§ Task details: When you reach the line that contains "FZ Women's Multicolored" in the data below, start reproducing lines exactly, and stop after the line that contains "Vasyn Drip Tee- Red - Vasyn | Official Store".

§ Supplied data:

-- Opening Marker --

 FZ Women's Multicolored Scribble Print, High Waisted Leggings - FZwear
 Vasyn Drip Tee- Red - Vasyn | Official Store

-- Closing Marker --
-- Opening Marker --

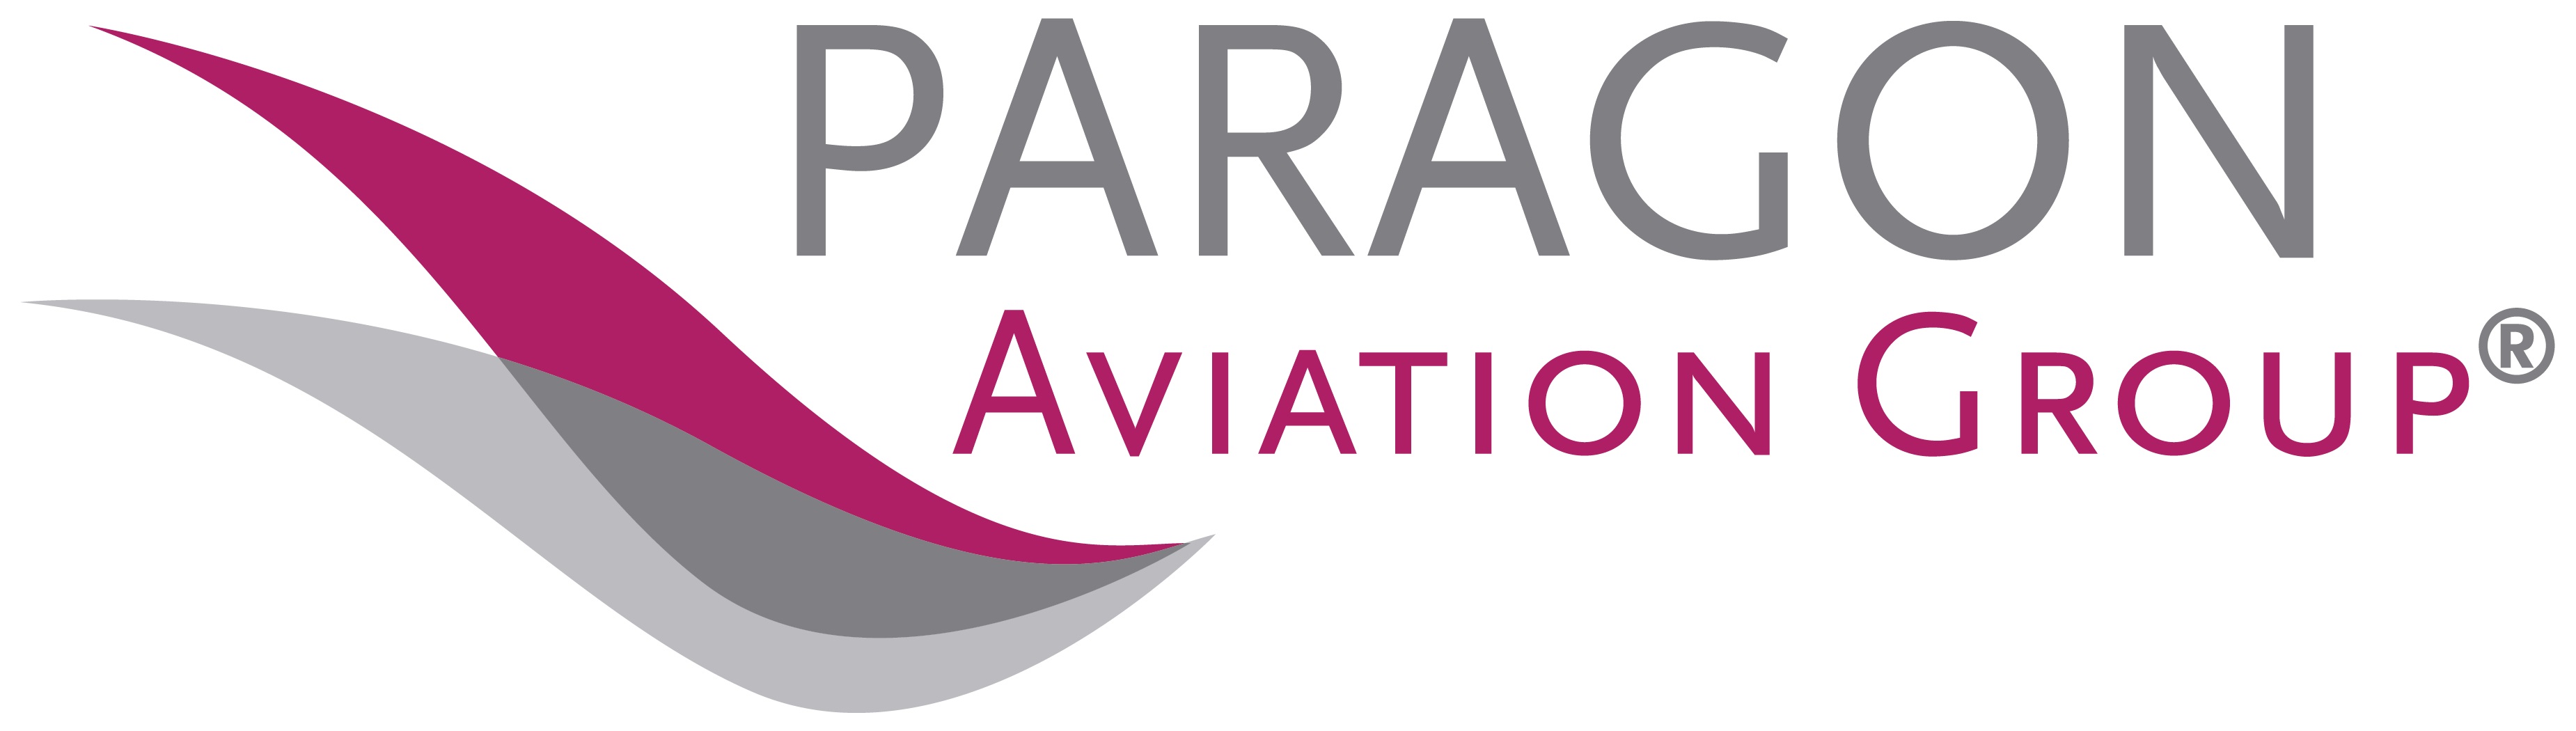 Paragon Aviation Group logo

-- Closing Marker --

§ Task response:
 FZ Women's Multicolored Scribble Print, High Waisted Leggings - FZwear
 Vasyn Drip Tee- Red - Vasyn | Official Store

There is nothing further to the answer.